Supplied material: Begin
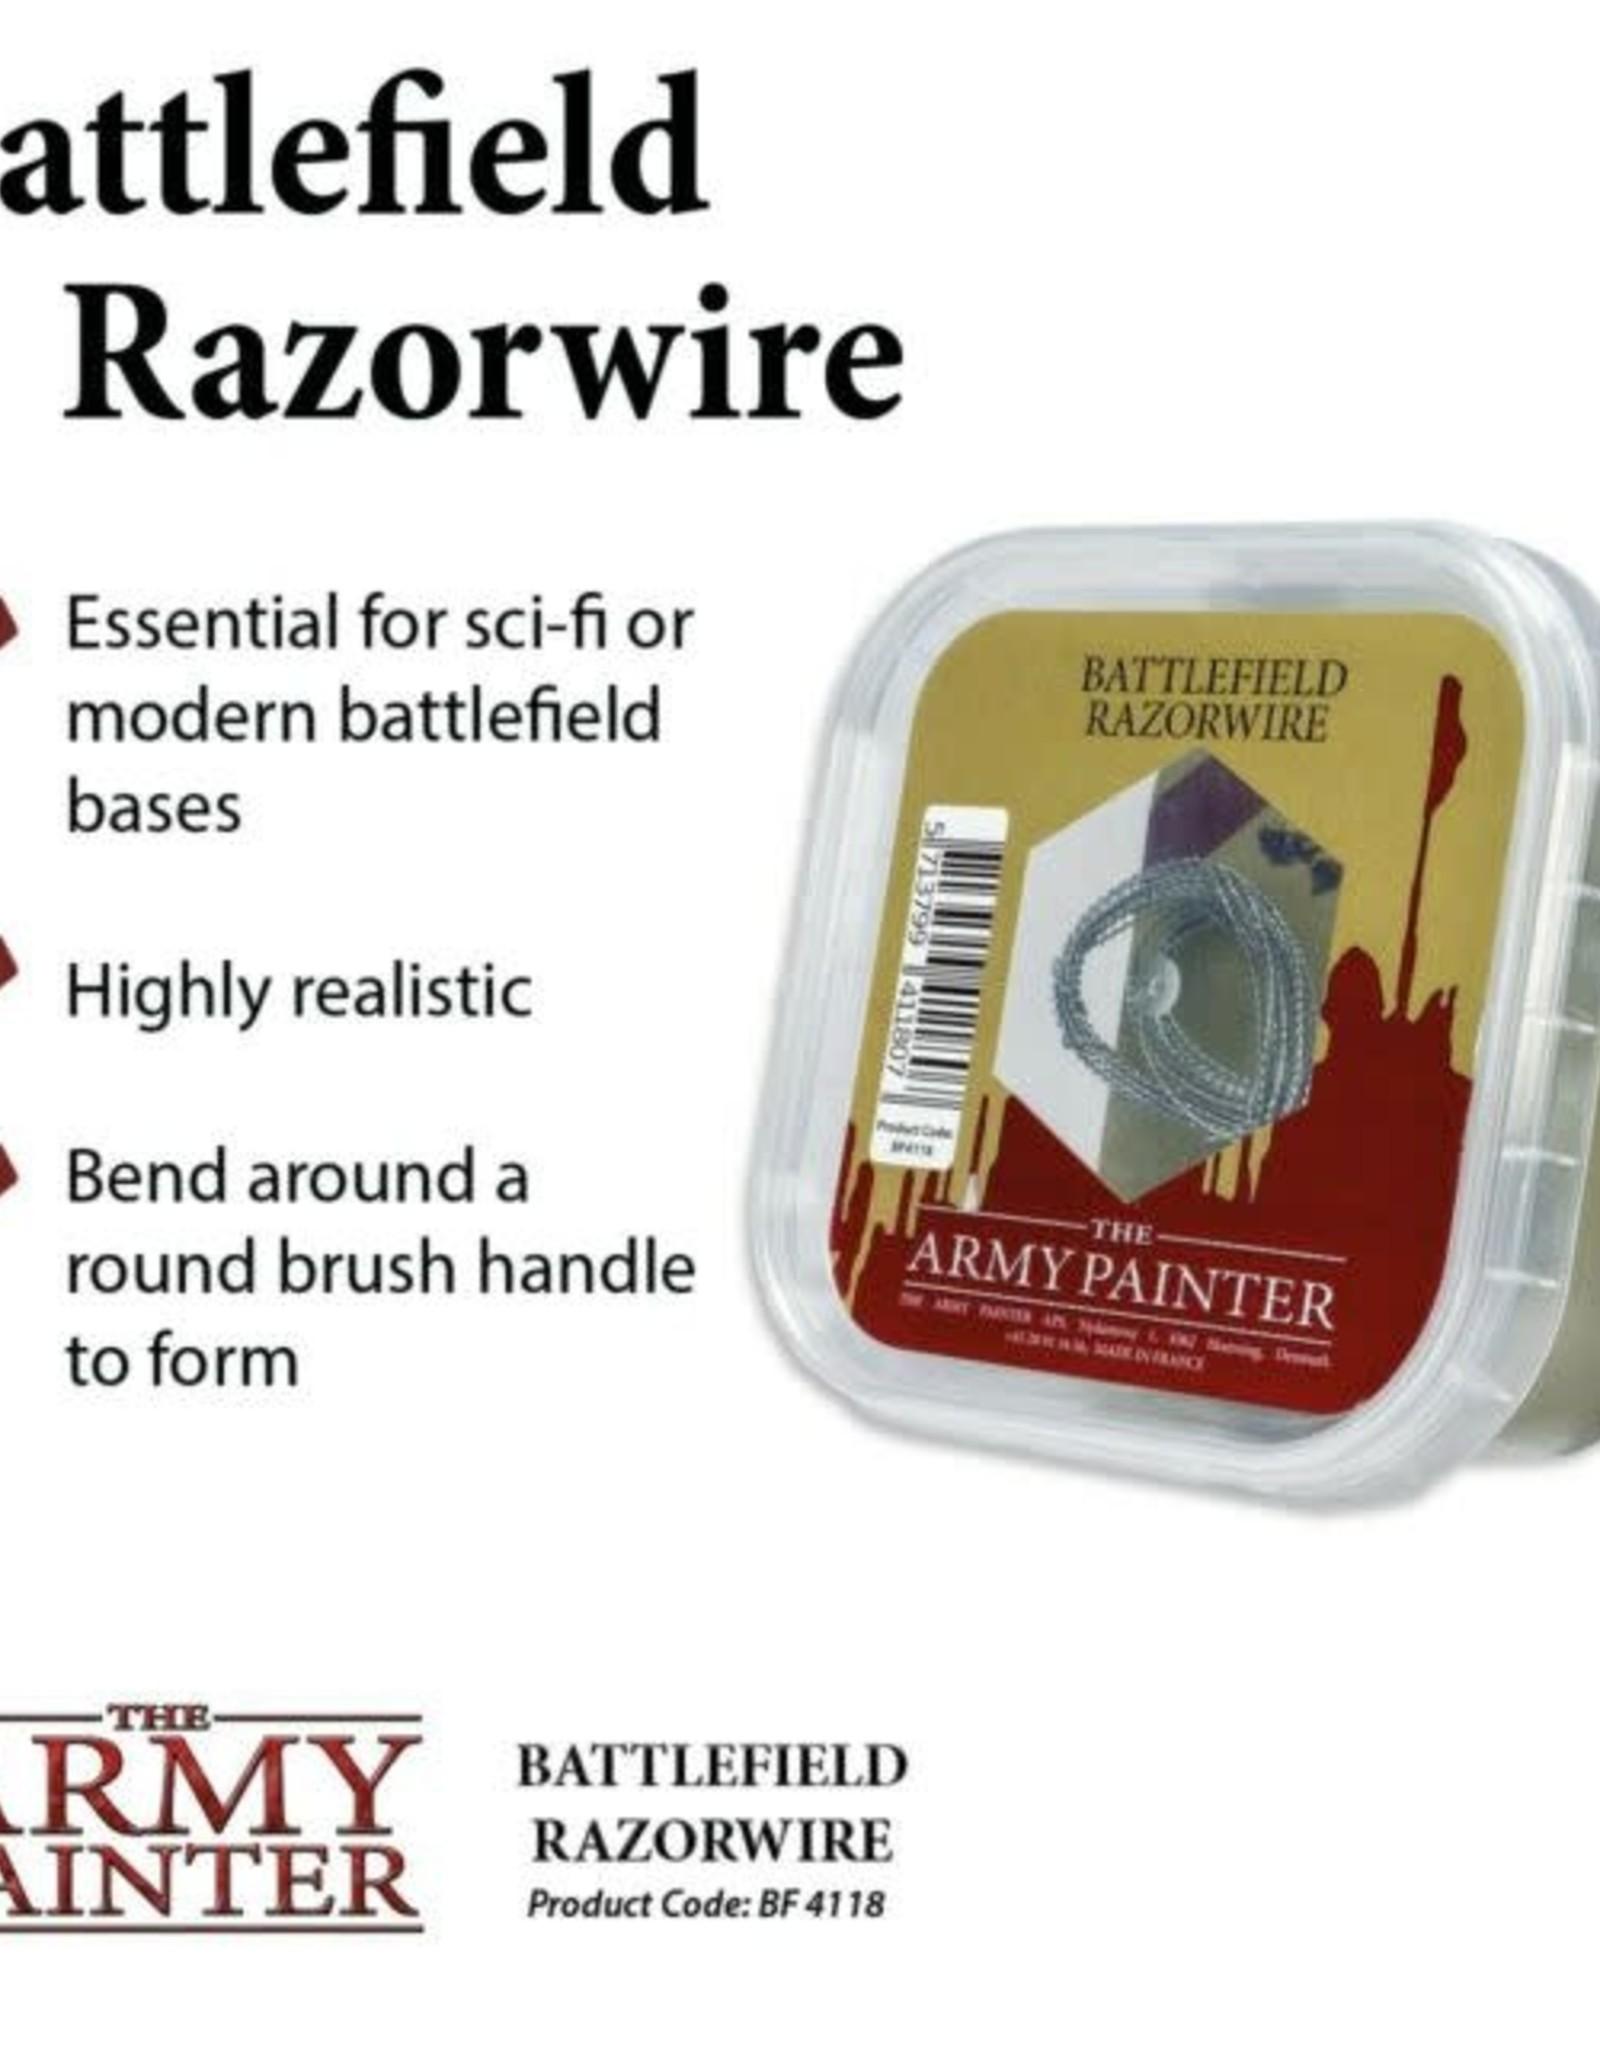 The Army Painter Battlefields: Razor Wire
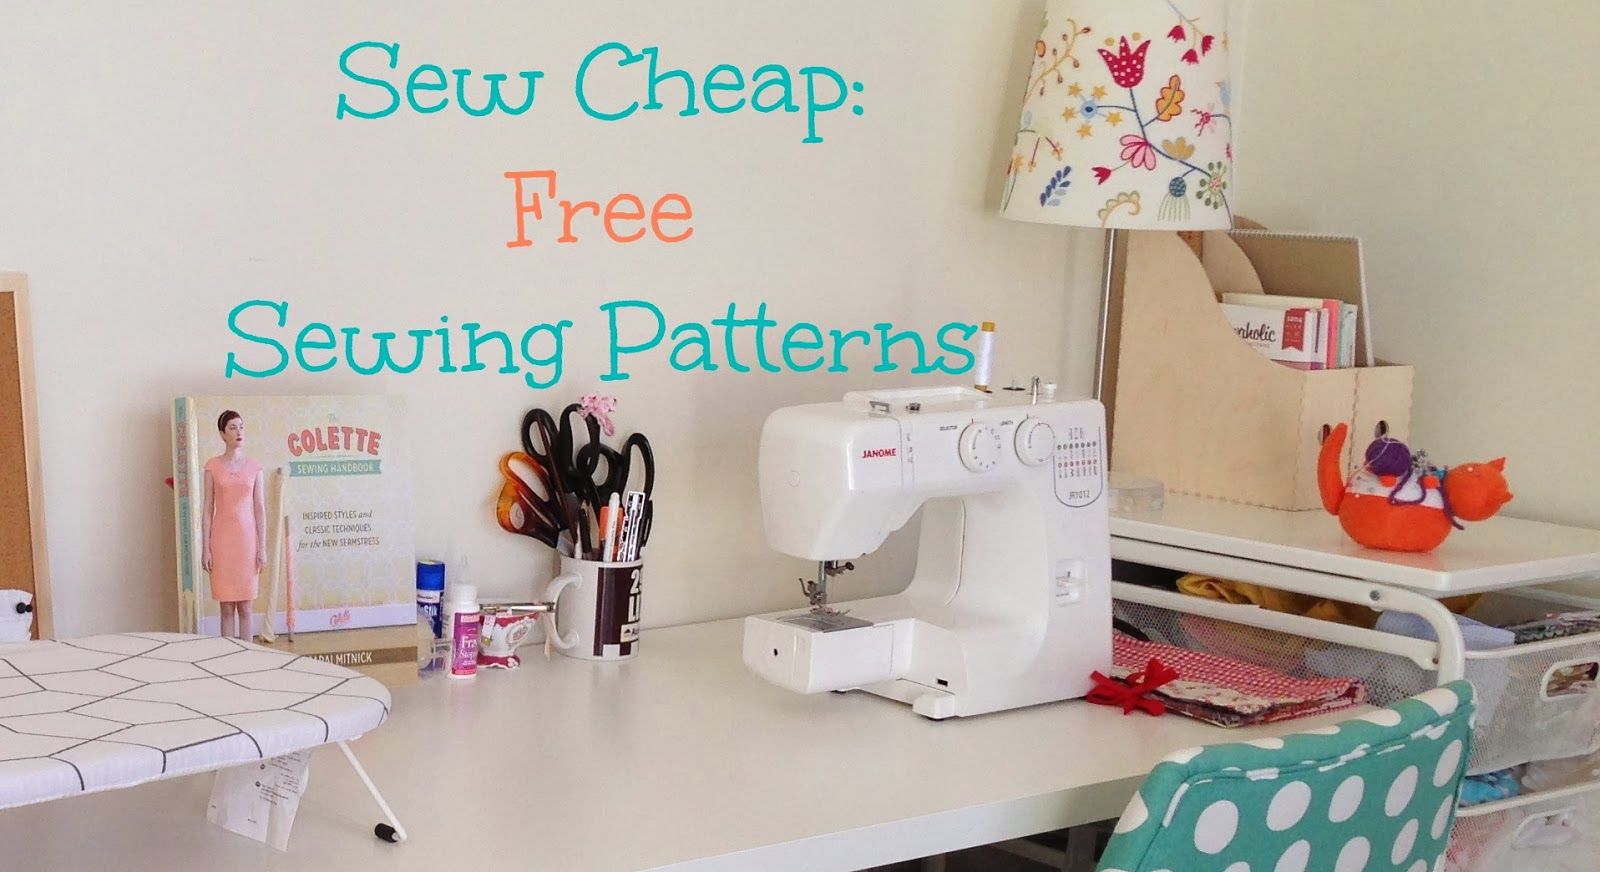 Sew Cheap: Free Sewing Patterns
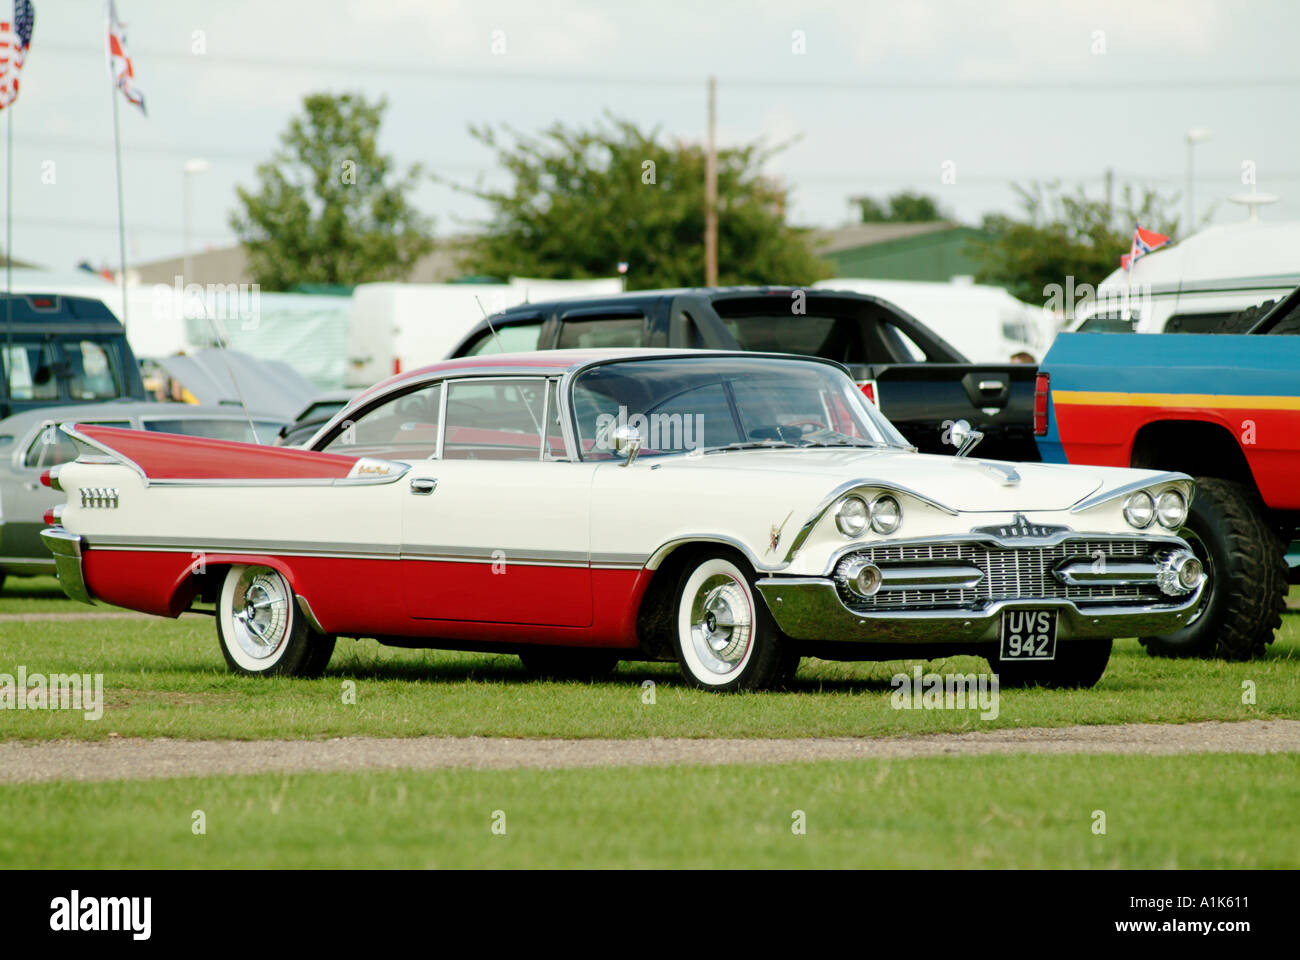 Dodge Car Stock Photos Images Alamy 1950s Cars 1950 S Fin Chrome Gas Guzzler Petrol Excessive V8 Engine Image
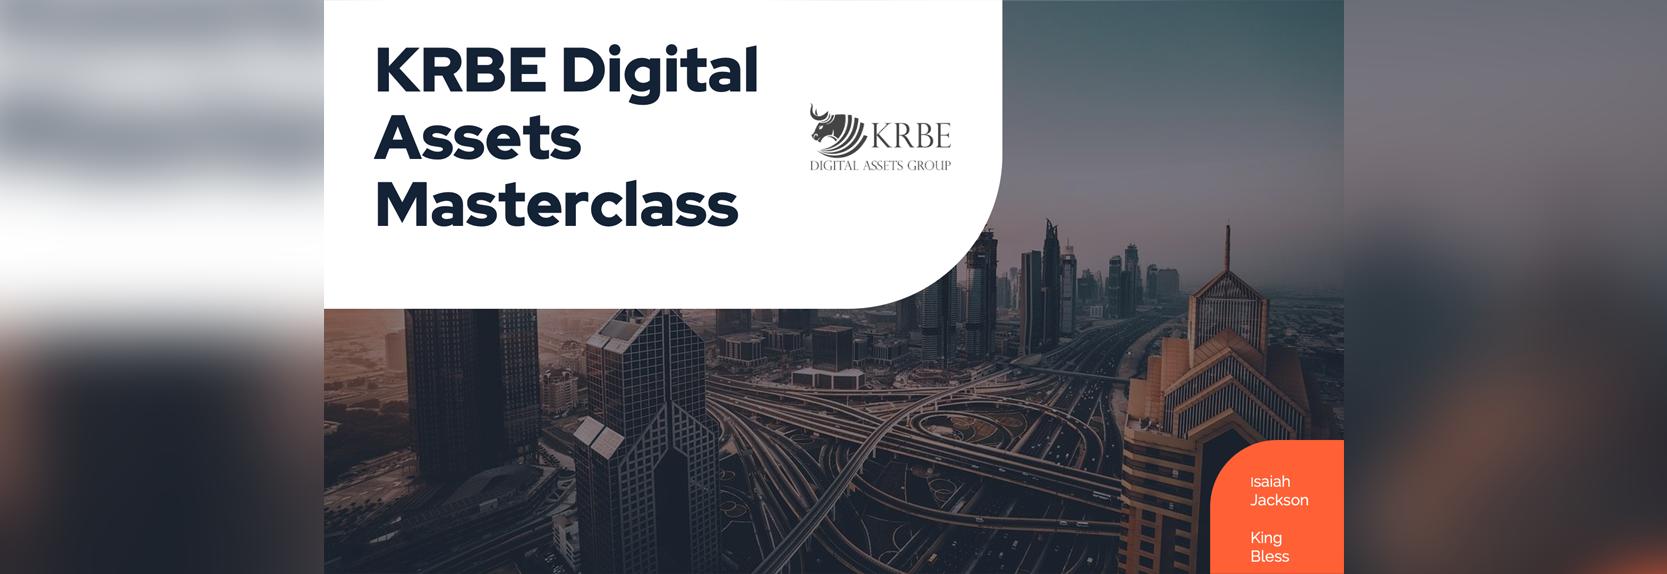 KRBE digital assets masterclass
Supplied material: End
[Task directions] An exact copy of the material is required, minus the pictures.

[Result of this exercise]
 The Army Painter Battlefields: Razor Wire
 Sew Cheap: Free Sewing Patterns
 Dodge Car Stock Photos Images Alamy 1950s Cars 1950 S Fin Chrome Gas Guzzler Petrol Excessive V8 Engine Image
 KRBE digital assets masterclass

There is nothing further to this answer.